BLACK History is more than a month on the calendar to Lindsey Atkinson because she and her family are part of that history.

Lindsey’s grandmother came to the UK from Barbados in 1960 after a call from the British Government for nurses to come and help the NHS, which was still in its infancy.

“She came to Blackpool and was possibly the first Black nurse there,” she said.

Because she was one of so few immigrants in the area, and because she was doing a vital job, Alison Bennison, nee Morris, was only 19 and all alone when she made that journey to start a new life.

She said she never felt unwelcome and lived her whole life in the seaside town.

The respect in which she was held has led to the decision to name a new well-being suite at the Blackpool Victoria Hospital after her.

Her granddaughter Lindsey is a community engagement producer at Tullie museum in Carlisle.

The job involves working with community groups and people with different lived experiences, and bringing new or unknown stories to life in the museum.

It includes establishing links with people seeking asylum, getting to know them and finding opportunities for people. In fact Tullie House has its own ‘secret garden’, a safe place for people to gather, be creative, do gardening, share their stories or just relax.
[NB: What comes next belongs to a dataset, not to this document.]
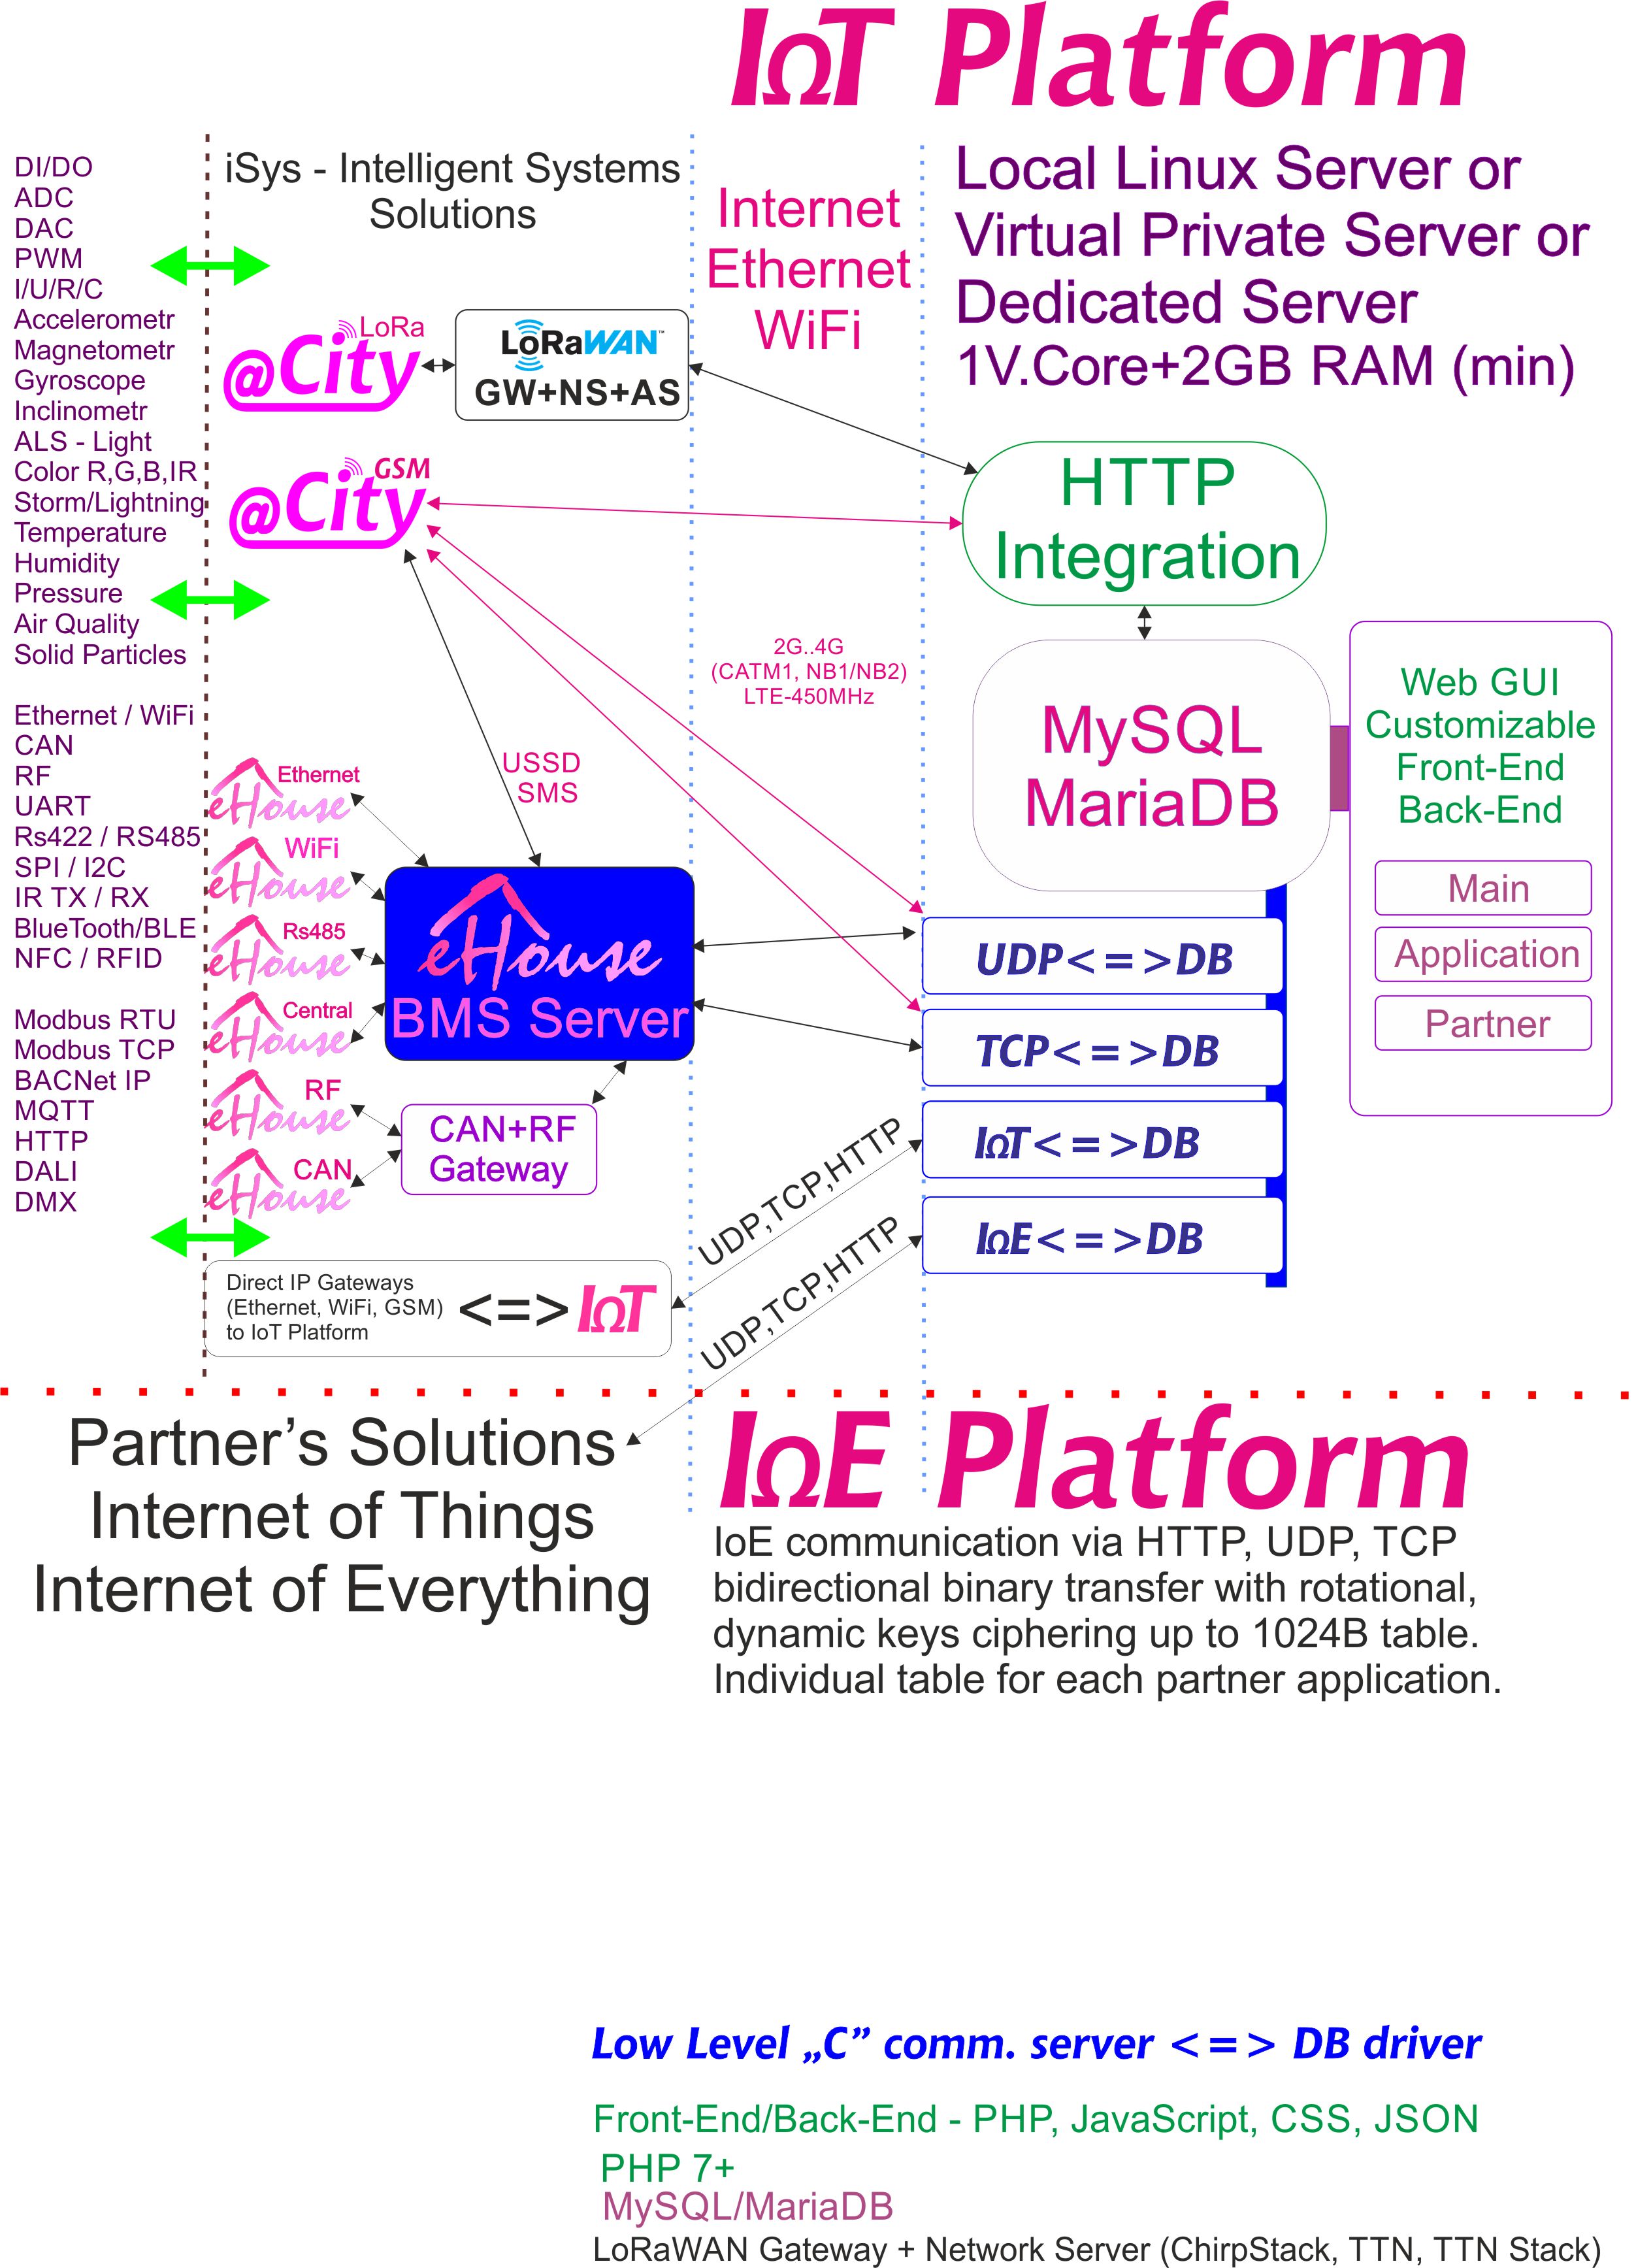 IoE, IoT Platform เฉพาะสำหรับคู่ค้าแต่ละรายที่มีการเข้ารหัสส่วนบุคคล

Lindsey runs bespoke projects for the museum, and organises Black History month activities.

Lindsey identifies as mixed heritage and cares deeply about raising awareness of the Black history that’s absent, overlooked or even erased.

There was nothing in history taught in schools that even mention the Windrush generation who were brought to Britain as the result of British government pleas for them to come and help restore and rebuild post-war Britain.

It is only through the Government Windrush scandal that the name means anything to most people.

The NHS in Carlisle is still populated by people of colour working as carers, nurses, doctors and more. They are respected within the NHS but in daily life often find it more difficult to make friends or to find houses.

“I volunteer with Anti-Racist Cumbria, who educate people, businesses, schools and workplaces, and they’ve always given me opportunities to share my grandma’s story to ensure she and people like her are remembered,” she said.

She will work to fight racism and her Grandma has made her own history in a story that has been picked up in a BBC Bite Size programme.